**RECORDED DATA**
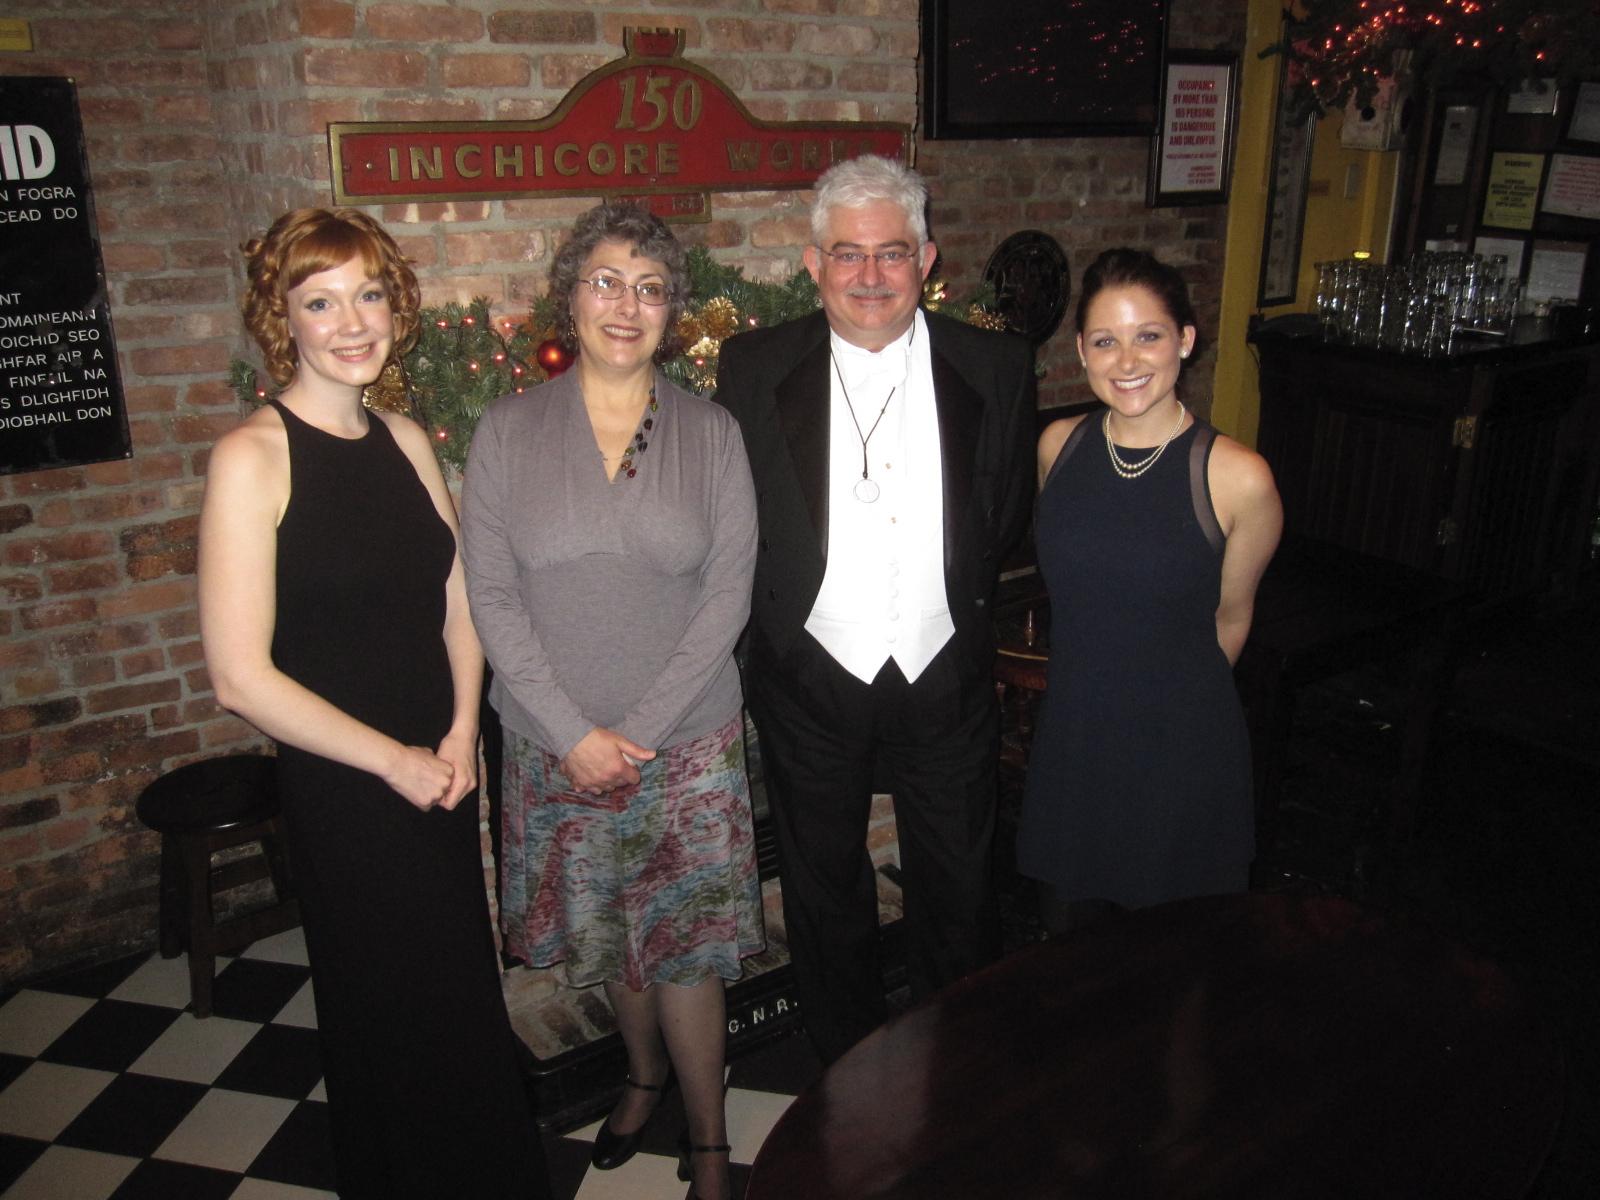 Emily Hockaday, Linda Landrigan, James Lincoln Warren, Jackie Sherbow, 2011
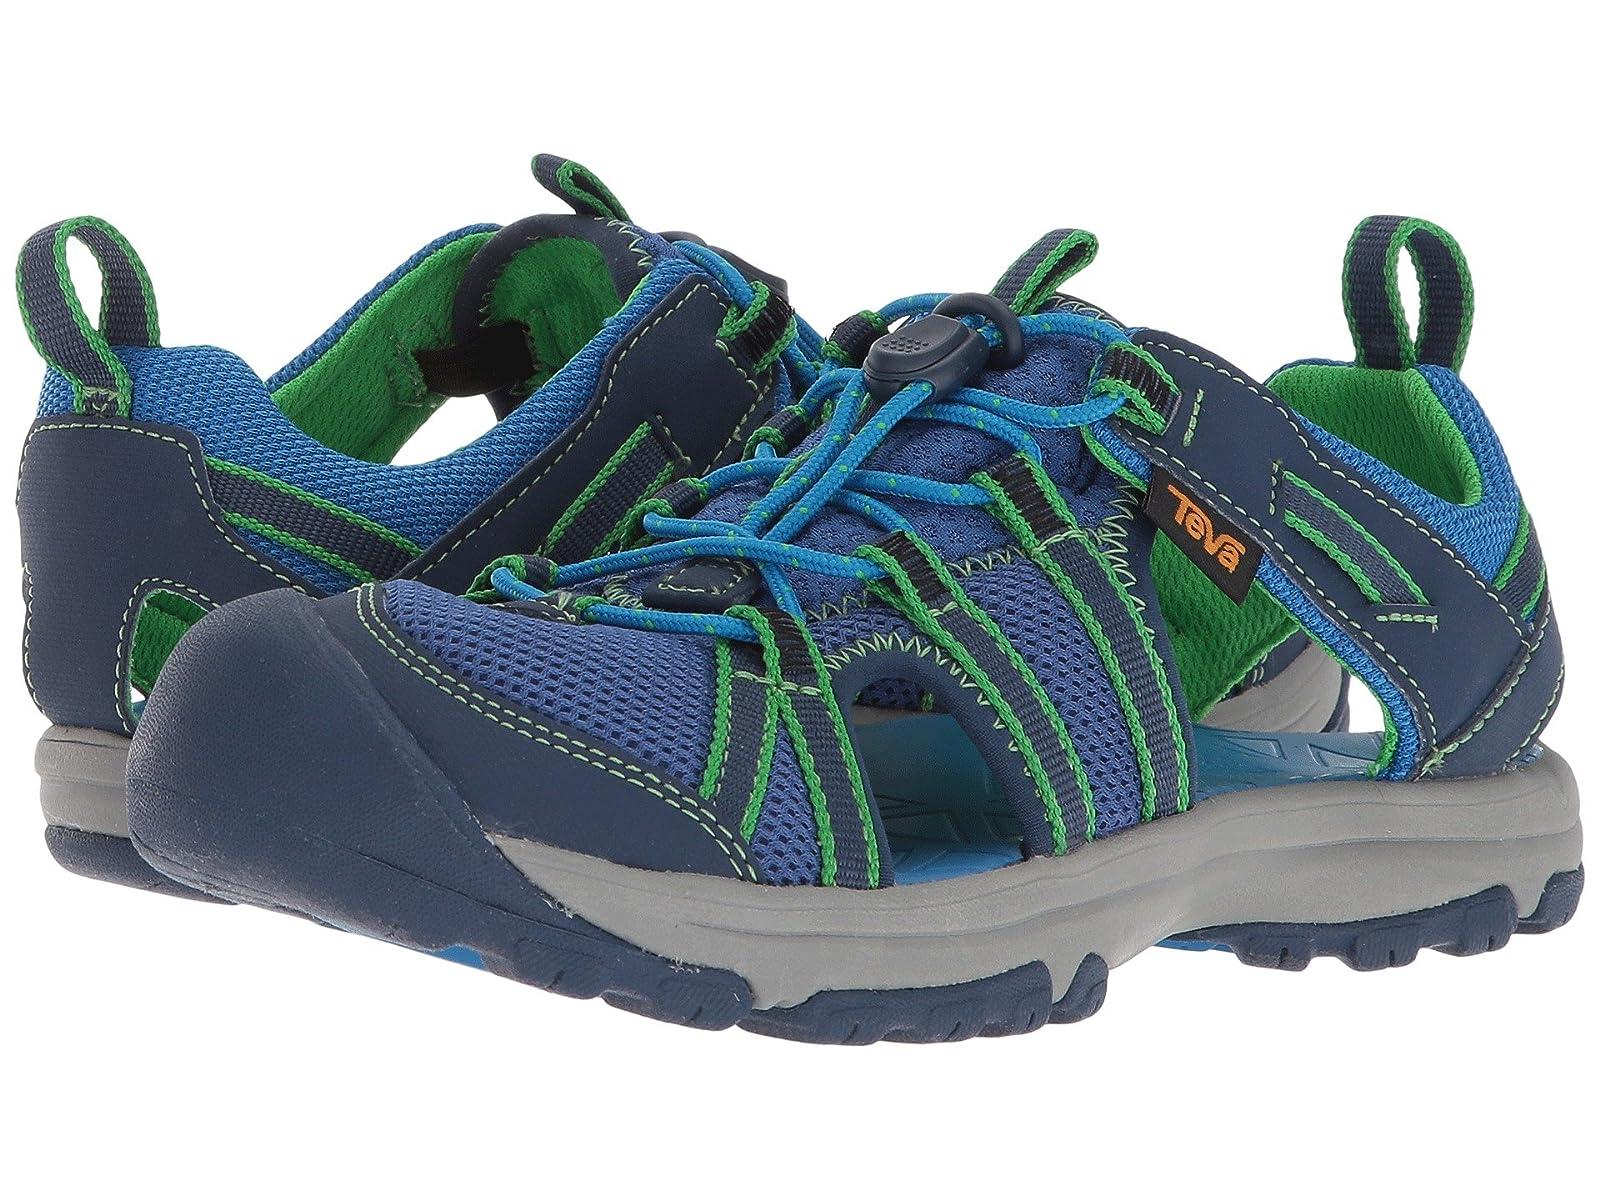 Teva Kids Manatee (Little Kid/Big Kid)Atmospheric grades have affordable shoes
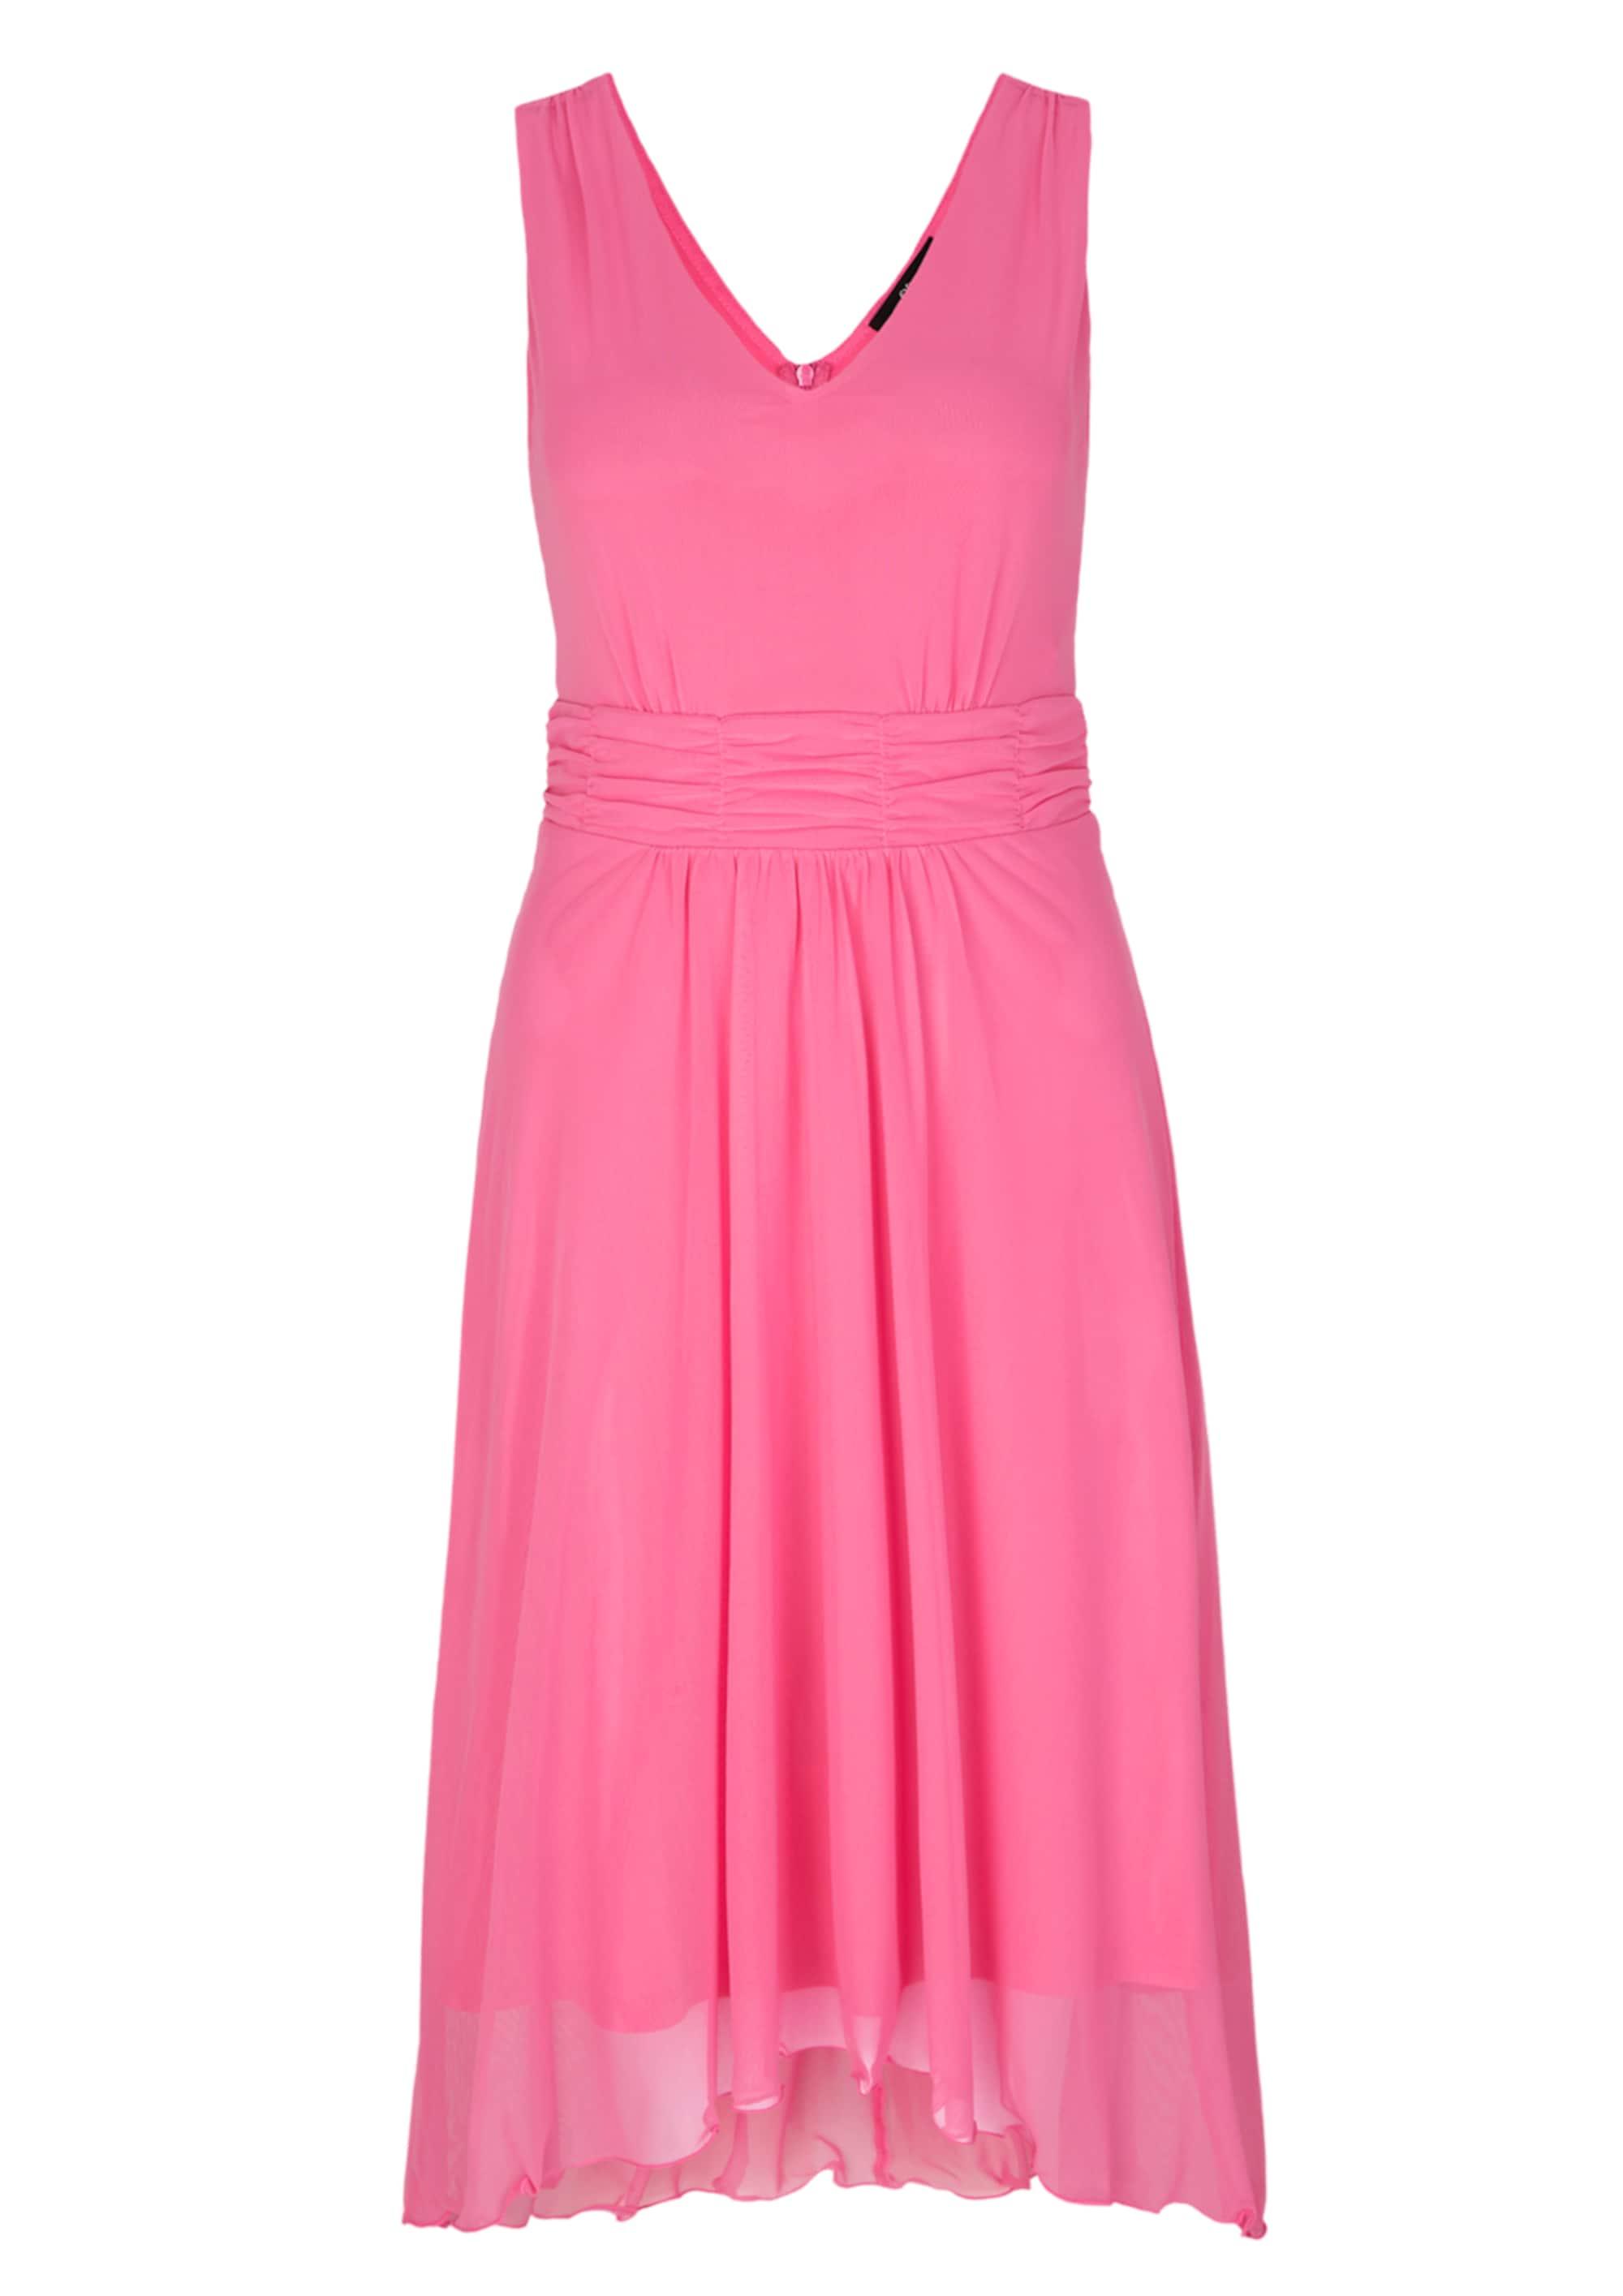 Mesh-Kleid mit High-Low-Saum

**WHAT YOU ARE ASKED TO DO**
Wherever an image appears in the data, omit it and repeat everything else exactly.

**EXERCISE RESULT**
 Emily Hockaday, Linda Landrigan, James Lincoln Warren, Jackie Sherbow, 2011
 Teva Kids Manatee (Little Kid/Big Kid)Atmospheric grades have affordable shoes
 Mesh-Kleid mit High-Low-Saum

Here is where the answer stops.